Proposal Impact is an intangible, abstract social benefit and it can be difficult to consider how changes we make in MediaWiki will help or harm it. To illustrate the connections between infrastructure choices and impact and to incorporate those connections into our plans, we can use programmatic frameworks developed in the nonprofit professional communities. Frameworks used by these nonprofit communities for various types of programs and impact can explicitly and concretely link our engineering choices to the movement strategy and the social benefit we create. This increased attention to the social impact of our technical decisions and investments will in turn create increased investment from our communities, partners and potential allies beyond our community towards fulfilling our mission.

WMF programs such as New Readers and Structured Data on Commons, and Wikimedia community programs, such as Wiki Loves Monuments, model how building technology for well-defined social impact can structure our engineering and infrastructure choices towards more strategic and mission driven impact.

These programmatic frameworks can be helpful during annual planning, quarterly check ins, and throughout the process of deciding on, planning, implementing, and evaluating technological changes. We would be able to weigh and design intentionally for broad-end users while also supporting the targeted and specific organizing communities who use our technology towards our desired social impact. We could expand the impact that we achieve by consulting expert communities, such as educators, librarians, and activists, who will design additional social-impact programs and processes on top of those tools. We could also identify parts of our communities which already create desired impacts, and build technologies and technological services which increase the scale, effectiveness and efficiency of organizing contributors to fulfill our mission. Socio-technological decisions in our movement can be most successfully achieved when considering both social and technological benefits.

Trey Jones Languages, Machine Translation Next Steps for Languages and Cross Project Collaboration

My purpose in attending the Dev Summit is to enjoy the benefit of collaborating in person with others who are passionate about technology that brings information to the world in a variety of languages.
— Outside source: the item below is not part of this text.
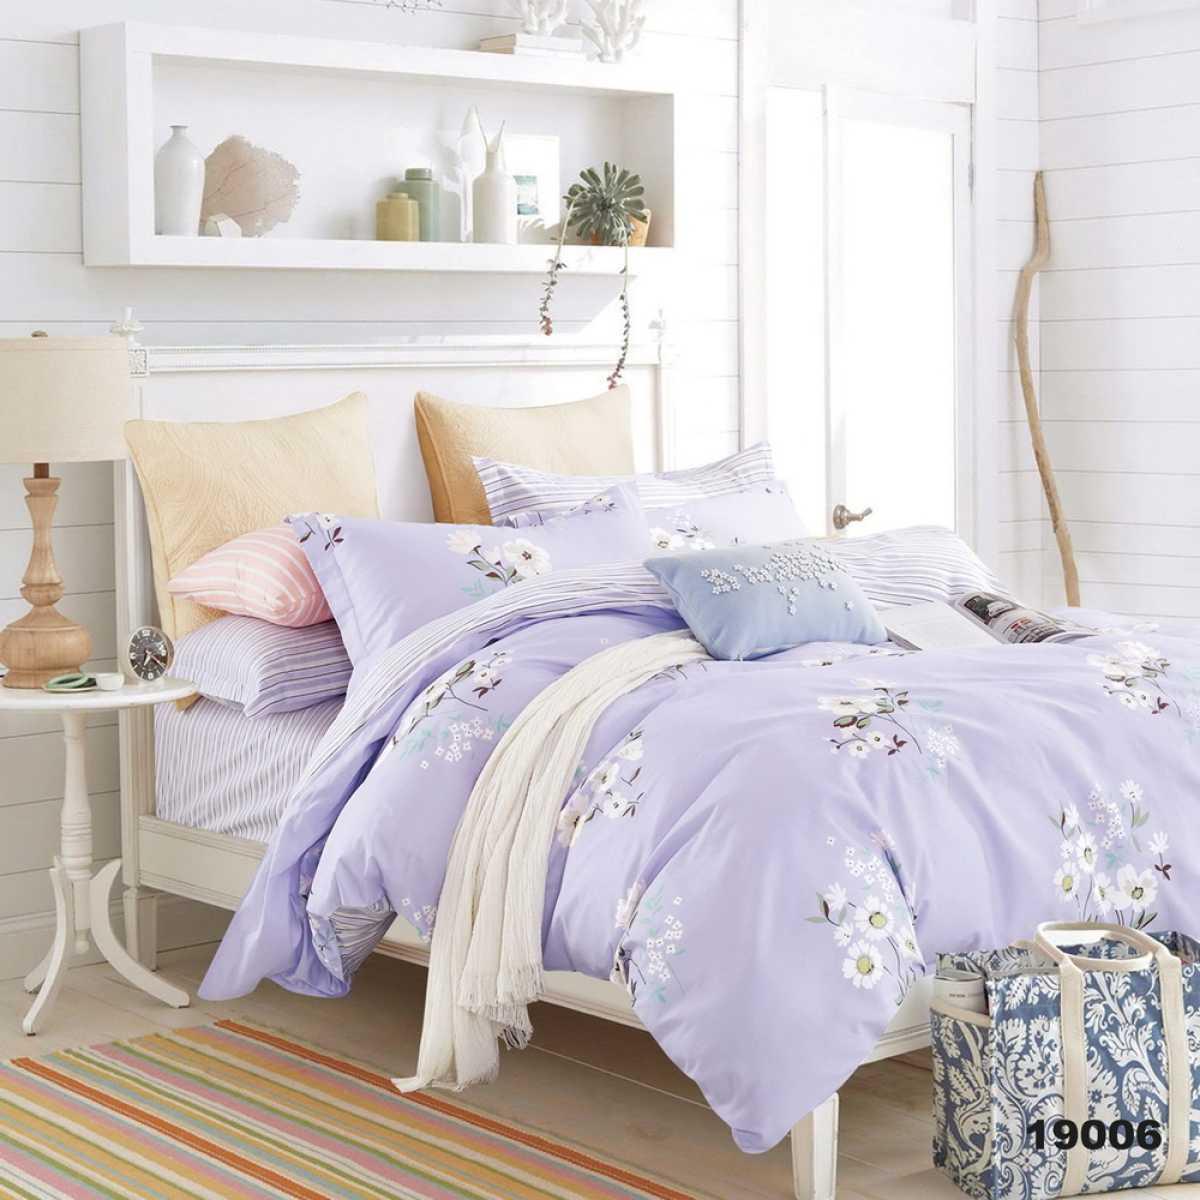 Полуторное постельное белье Вилюта 19006 ранфорс

When I imagine a world where everyone really can share in all knowledge, I don't imagine all of them doing so in their native language. The most important foundation for language technologies that will reach as many people as possible is informed realism-with insights from both linguistics and computer science.

  • The most common estimate of the number of languages is 6,000. An unfortunate number are critically endangered, with only dozens of speakers; 50-90% of them will have no speakers by the end of the century.

Providing knowledge to *everyone* in their own language is unrealistic. We should always seek to support any community working to document, revive, or strengthen a language, but expecting to create and curate extensive knowledge repositories in a language with barely half a dozen octogenarian speakers whose grandchildren have no interest in the language is more fantasy than goal.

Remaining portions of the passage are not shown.